= William Selby (died 1638) =

English politician

Sir William Selby (died 1638) was an English politician who sat in the House of Commons from 1597 to 1601.

==Biography==
Selby was the son of Sir John Selby of Twizell. He was educated at Peterhouse, Cambridge in 1573. In 1597, he was elected Member of Parliament for Northumberland. He was re-elected MP for Northumberland in 1601. He was knighted in 1603 and was High Sheriff of Northumberland in the same year. He was Sheriff of Northumberland again in 1606. In 1611 he succeeded to Ightham Mote and the estates in Kent of his uncle Sir William Selby. He was gentleman porter of Berwick upon Tweed in succession to his father.

Selby married Dorothy Bonham (1572–1641). She was a friend of Lady Anne Clifford.

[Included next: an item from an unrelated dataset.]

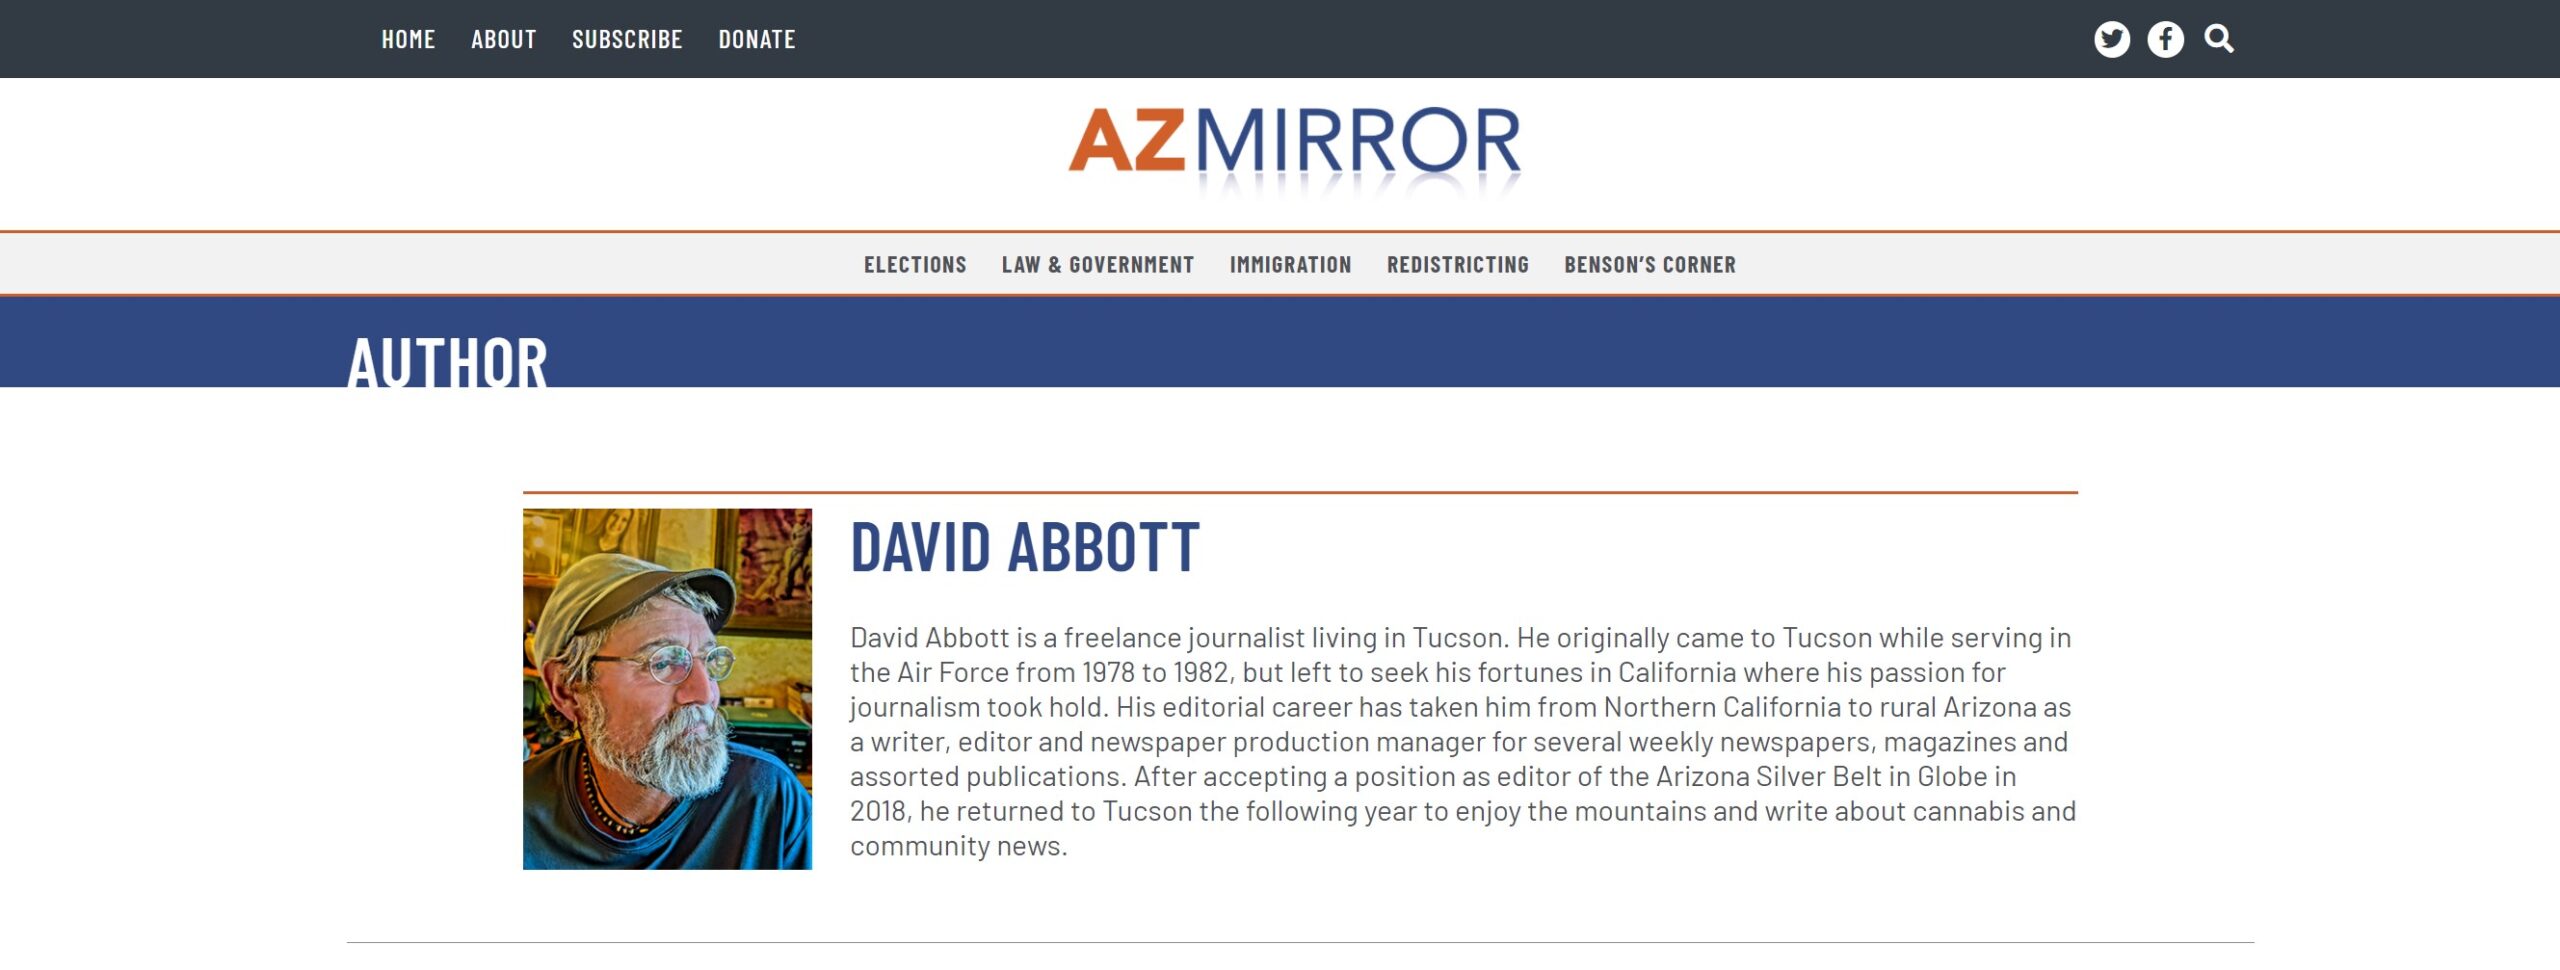 Arizona Mirror writer bio page
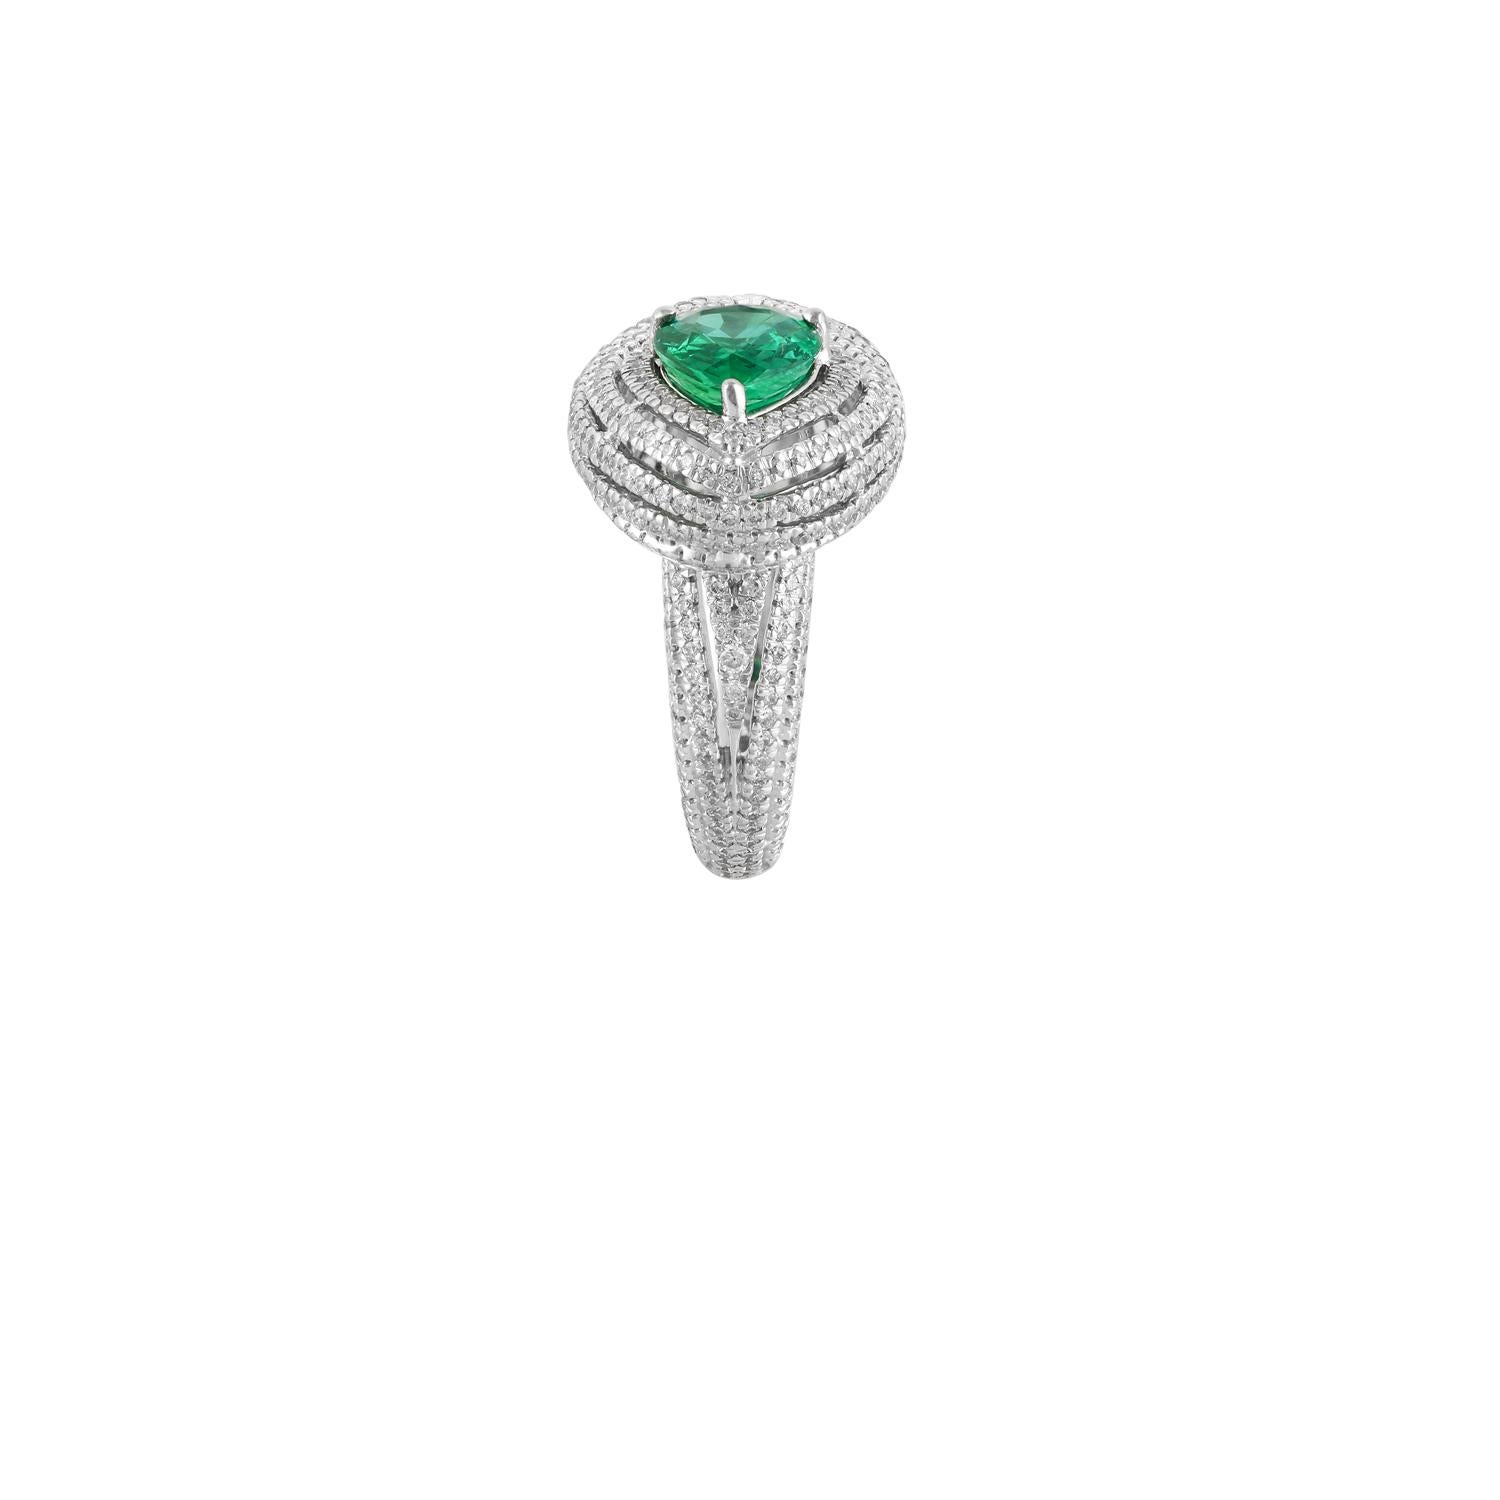 Pear Cut Emerald Diamond Ring in 18 Karat White Gold

Dame Dorothy and Sir William obtained permission to receive Holy Communion – compulsory at the time – at home, giving rise to suspicion that they favoured Catholicism.

There is a tradition that Dorothy Selby helped reveal the Gunpowder Plot, apparently via the medium of needlework as recorded and depicted on her tomb at Ightham. She is said to have died of blood-poisoning from the prick of a needle while working at embroidery. Selby first heard of the Gunpowder Plot on 10 November 1605, while riding from Carlisle to Newcastle.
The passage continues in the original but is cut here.